▸ **DIRECTIONS**: Give back the whole listing word for word and skip each picture.

▸ **DATA BLOCK**:
● ● ● ● ● ● ●

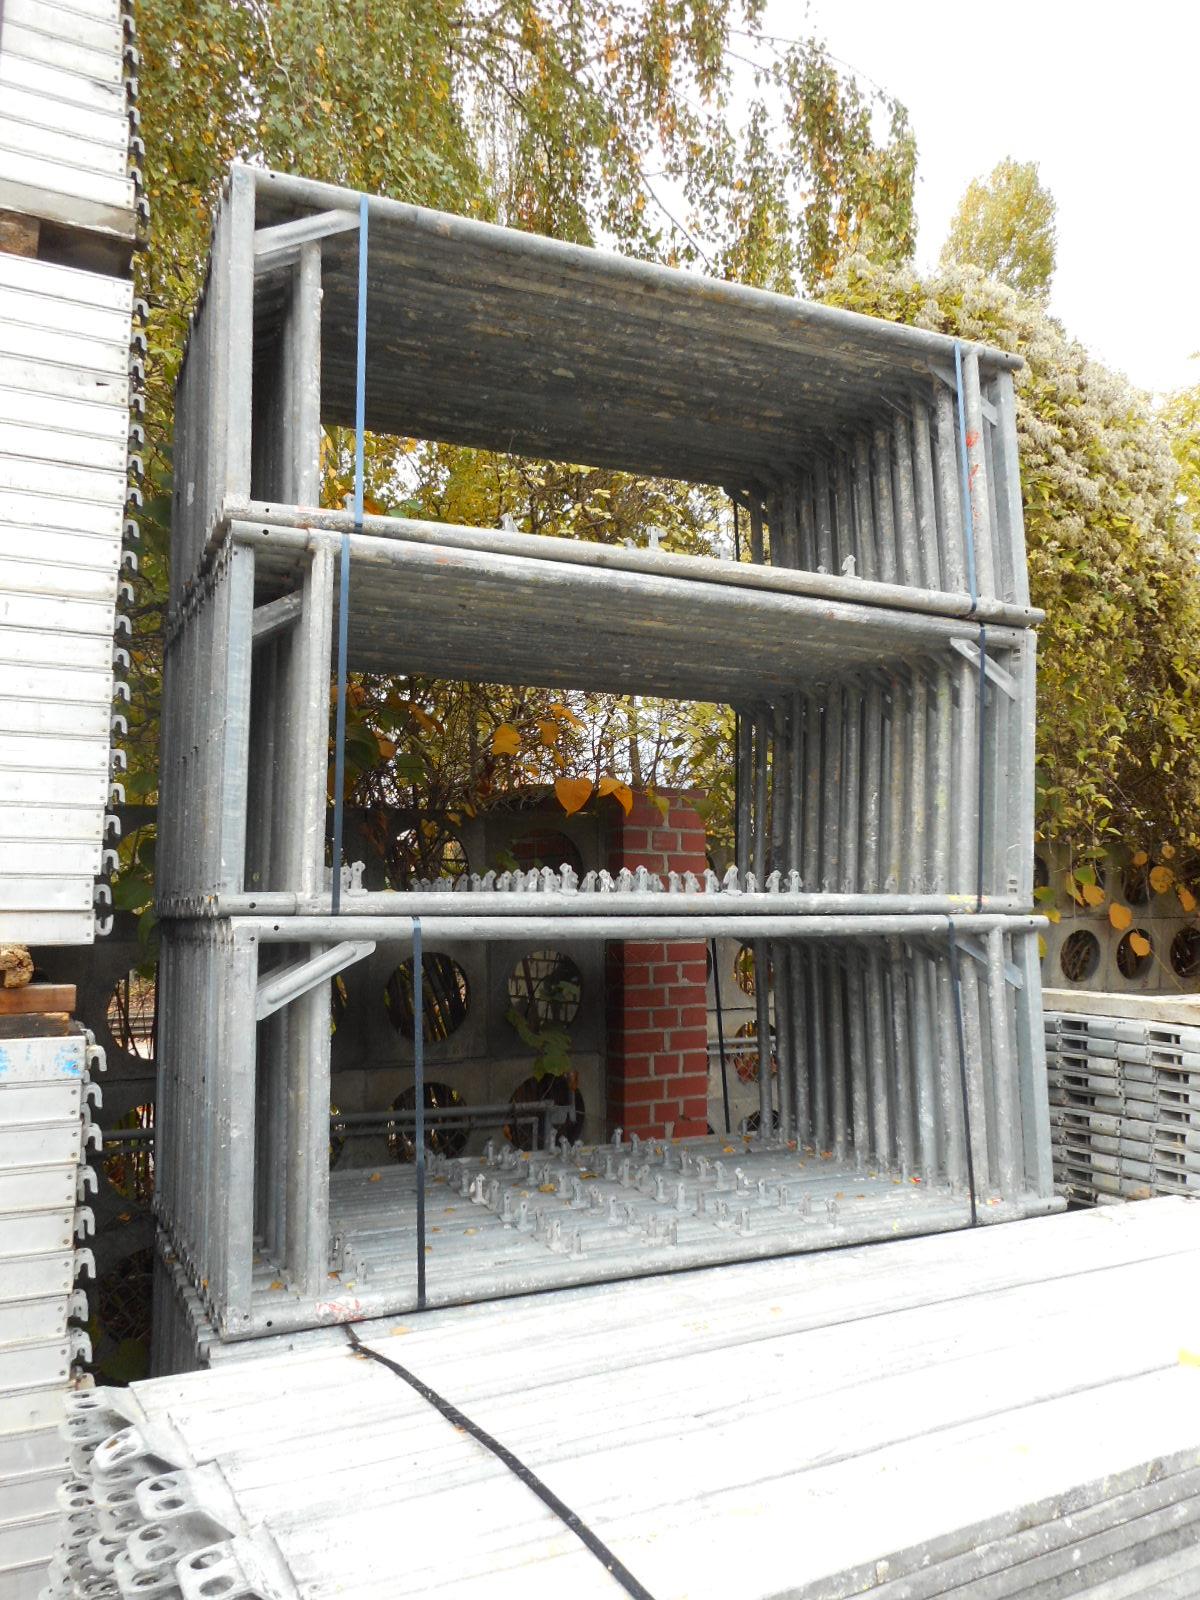 echafaudage d 39 occasion h nnebeck 800m echafaudage. Black Bedroom Furniture Sets. Home Design Ideas
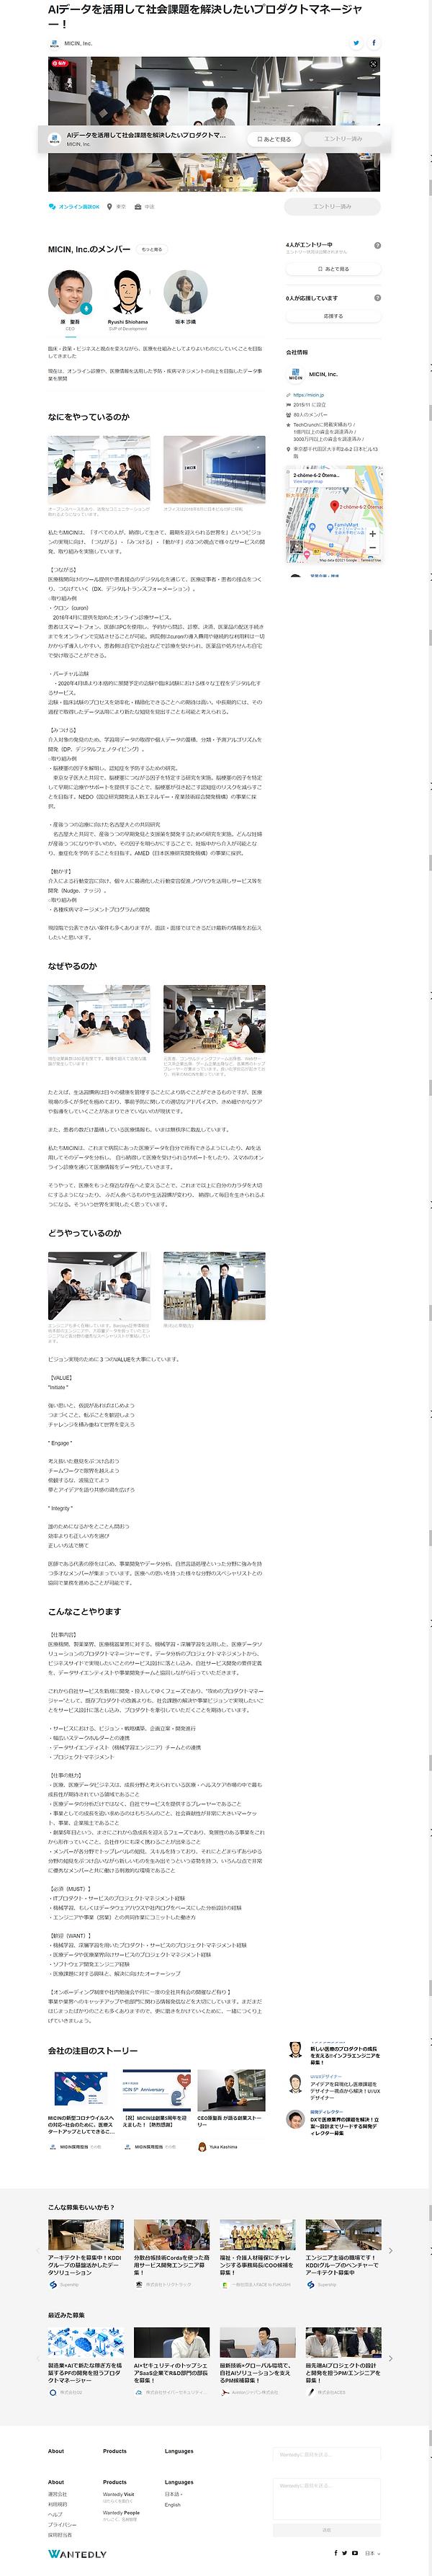 Screenshot (46).png
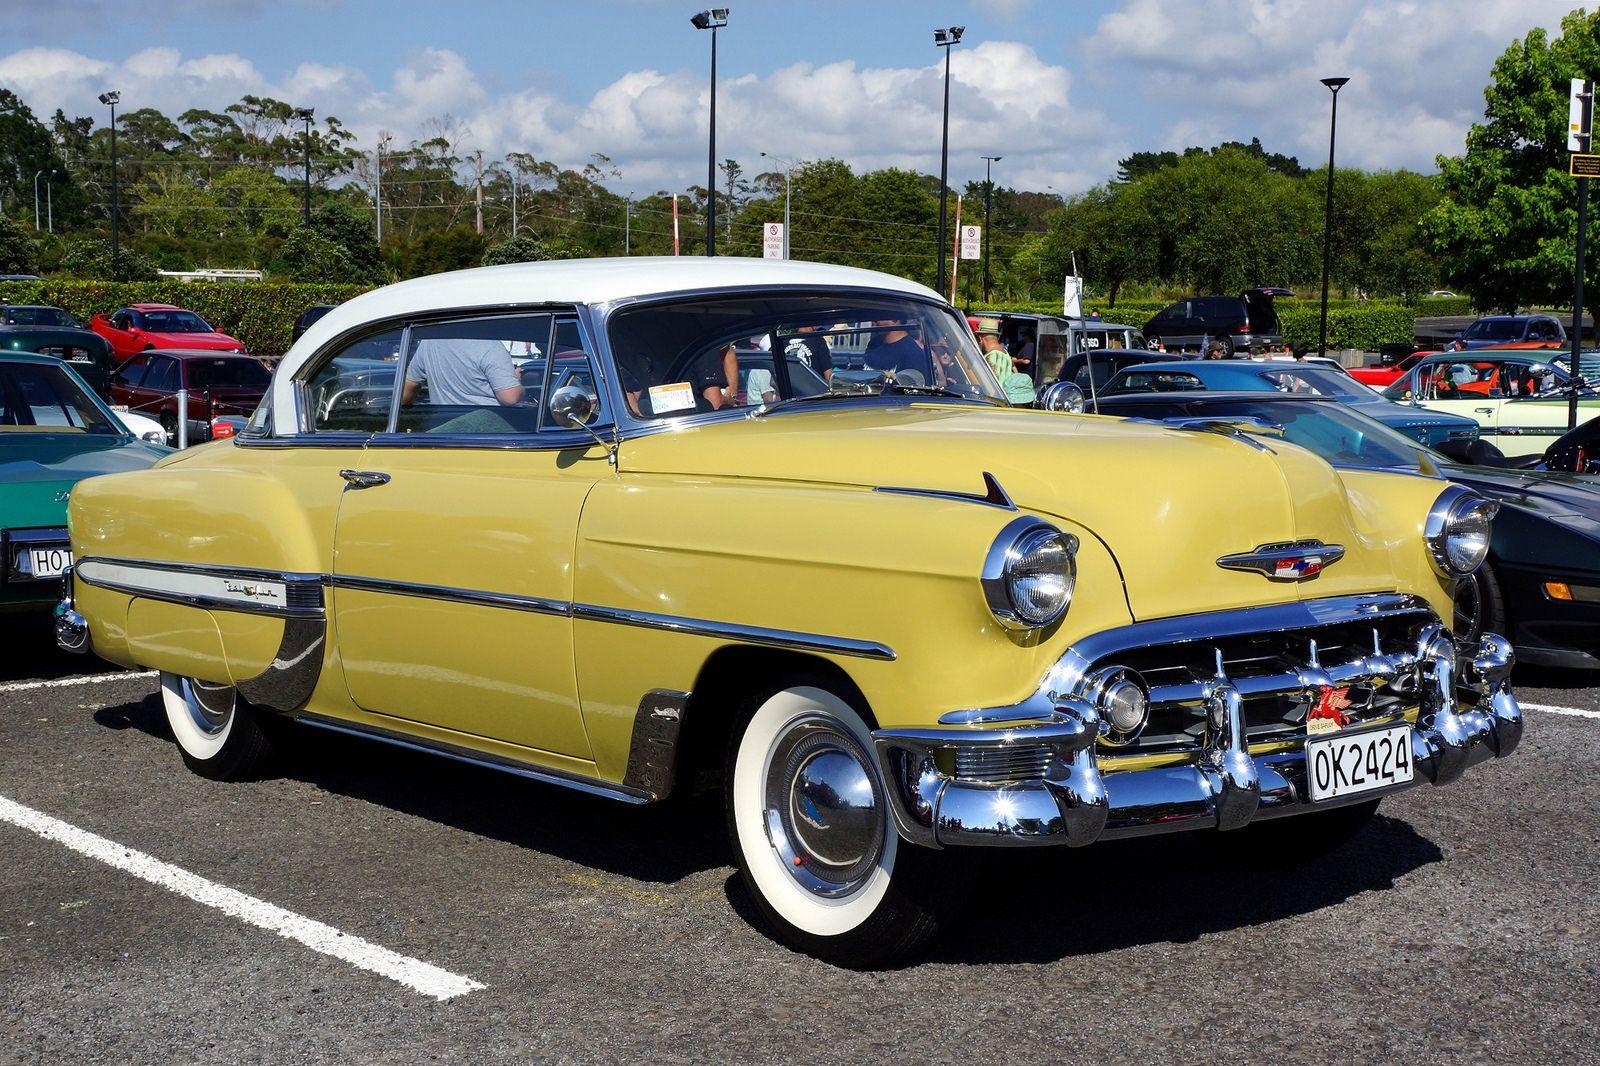 1953 Chevrolet .Bel Air

● ● ● ● ● ● ●

▸ **YOUR SOLUTION**:
 echafaudage d 39 occasion h nnebeck 800m echafaudage. Black Bedroom Furniture Sets. Home Design Ideas
 Screenshot (46).png
 1953 Chevrolet .Bel Air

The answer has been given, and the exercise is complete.